Abstract:
Objective Surface reconstruction refers to the process of reconstructing a continuous 3D surface from discrete spatial point clouds data. Learning signed distance functions (SDFs) of an object through spatial discrete point clouds to reconstruct the implicit surface of an object is currently the main research strategy. Neural-pull (NP) is a method to obtain high-quality SDFs from discrete point clouds information to reconstruct original surface. The key lies in using the predicted SDFs and the gradient information of the query point to pull the query point onto the reconstructed surface (Fig.1). The advantage of this method is that the model training process does not require ground truth (GT) SDFs as supervision, and at the same time, the signed distance value and gradient information are updated simultaneously during the training process. However, due to the inevitable noise and defects in the actually obtained point cloud data, NP will cause edge defects on the reconstructed surface during reconstruction. Therefore, in order to improve the reconstruction effect of the algorithm, solve the edge defects problem occurs in NP's sparse point clouds reconstruction, this paper proposes an improvement strategy, called neural-pull based on edge enhancement (NPEE).
Methods In order to solve the NP edge overfitting problem, this paper proposes the NPEE framework (Fig.2). It consists of edge-construction network (EN) and NP network. EN (Fig.3) uses a residual learning mechanism to learn the edge SDFs of point clouds, ensuring sufficient edge accuracy while ensuring training efficiency. At the same time, based on the original point cloud, the edge factor \sigma is introduced, combined with the learned edge SDFs, to enhance the input point cloud through robust point cloud edge extraction (Fig.4). NPEE still retains the original neural network (Fig.5) for learning SDFs, so that the network that is prone to overfitting can obtain more surface details while ensuring the smoothness of the reconstructed surface.

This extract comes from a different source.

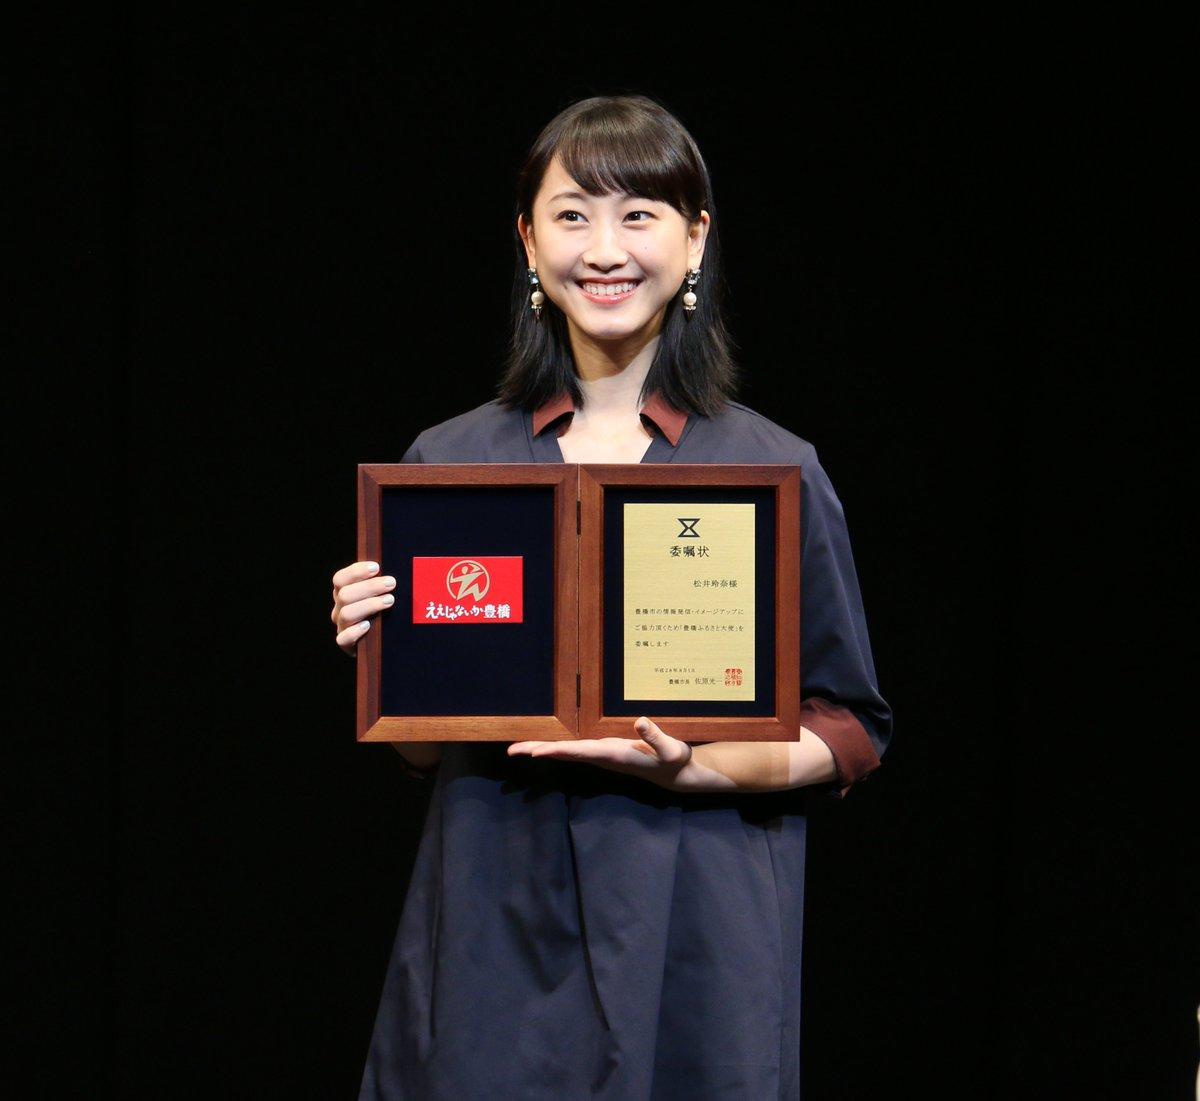 速報!(2日遅れ) 8月1日の市制施行110周年式典内で行われました「豊橋ふるさと大使」「豊橋カレーうどん大使」委嘱式の模様をお届けです。松井玲奈さんの魅力に舞台上の皆様笑顔で、終始アットホームな雰囲気のとても素敵な式典でした! https://t.co/JdeqLz0pTI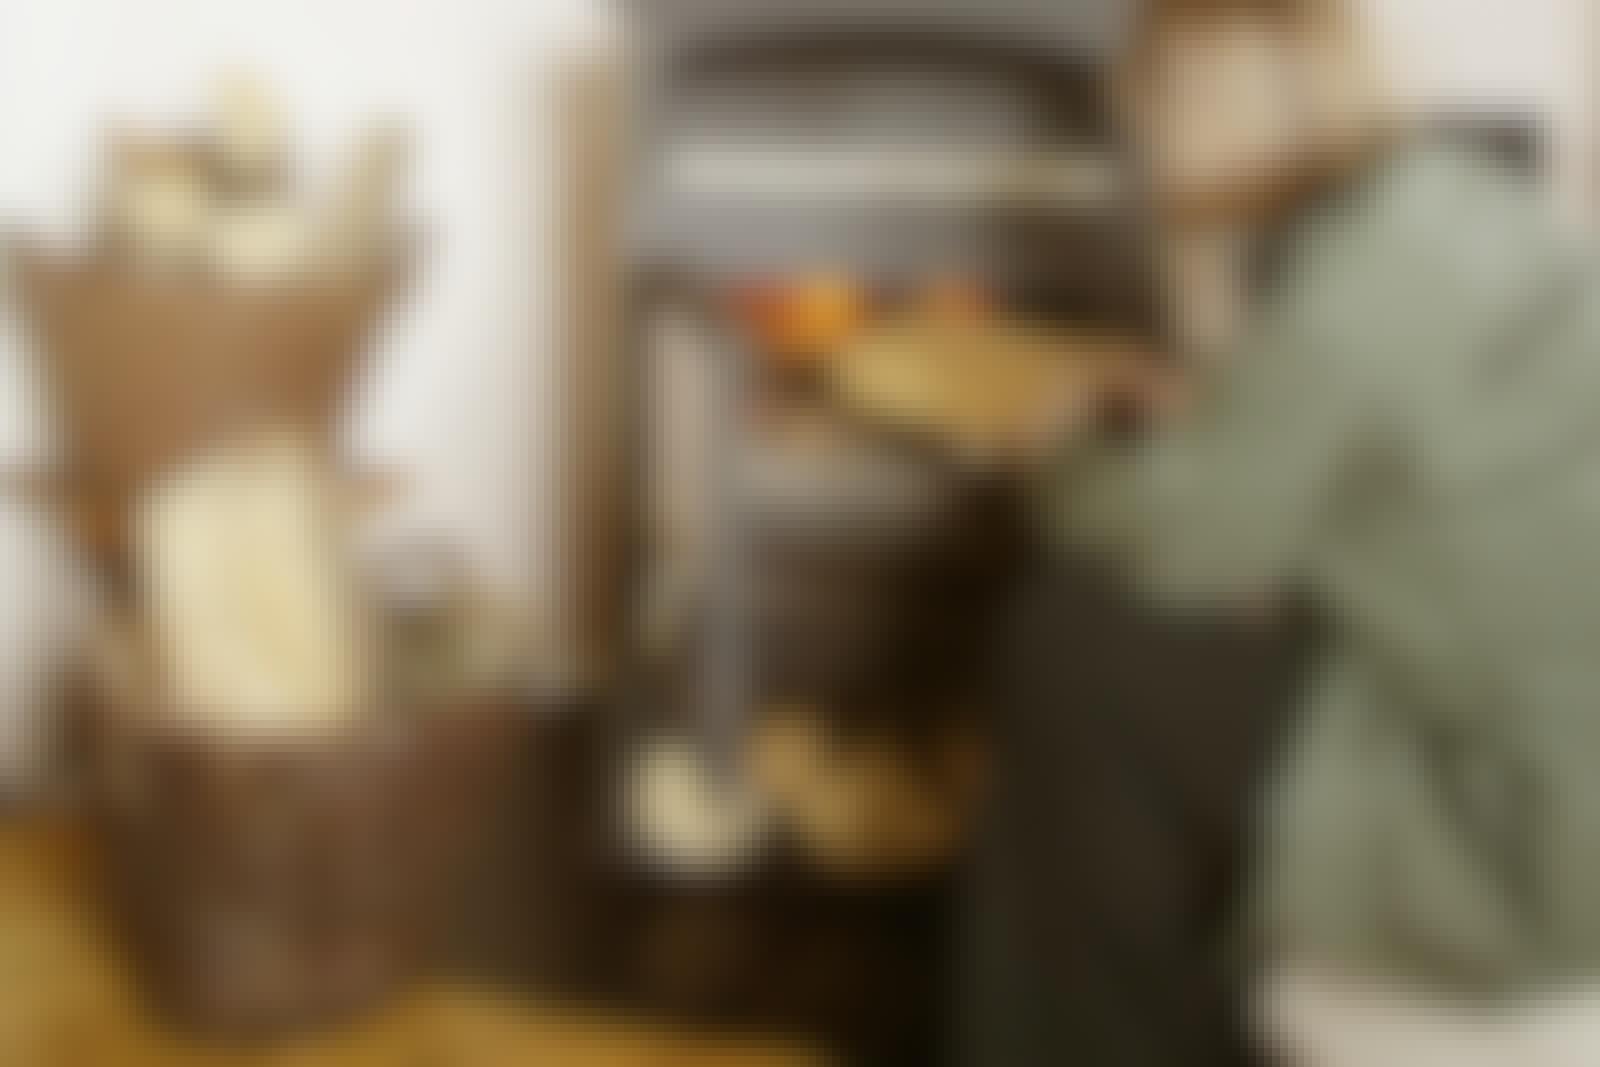 Inredning bästa kaminen : Braskamin – varför tar sig inte elden?   Gör Det Själv

Results and Discussions Using the ABC data set, Stanford scanning model and deep geometric prior data as the ground truth, ideal point clouds reconstruction experiments (Fig.7), sparse point clouds reconstruction experiments (Fig.8) and noisy points cloud reconstruction experiments (Fig.12) are designed to evaluate the algorithm capabilities. The reconstruction results of DeepSDF, Onsurface and NP are compared, and the chamfer distance (CD) of the three groups of experiments are calculated respectively. The experimental results are as follows (Tab.1-6). The reconstruction results of NPEE can show the complete reconstruction model and sufficient edge details.
Conclusions In order to improve the reconstruction effect of the algorithm, the edge defects problem occuring in NP's sparse point clouds reconstruction is solved, an improvement strategy is designed, called NPEE. To ensure the reconstructed surface is smooth while obtaining more surface details, on the basis of retaining the original neural network, a new network which uses the residual learning mechanism is designed for learning SDFs of the point cloud while ensuring training efficiency and getting sufficient edge accuracy. At the same time, on the basis of the original point cloud, the edge factor \sigma is introduced, to enhance the input point cloud through robust extraction of point cloud edges. Three sets of comparative experiments were designed using widely used ground truth data sets, namely ideal point cloud reconstruction experiment, sparse point cloud reconstruction experiment and noisy point cloud reconstruction experiment. Experimental results and evaluation index CD show that NPEE can effectively improve the defects of the NP algorithm in edge surface reconstruction, showing superiority compared with other algorithms.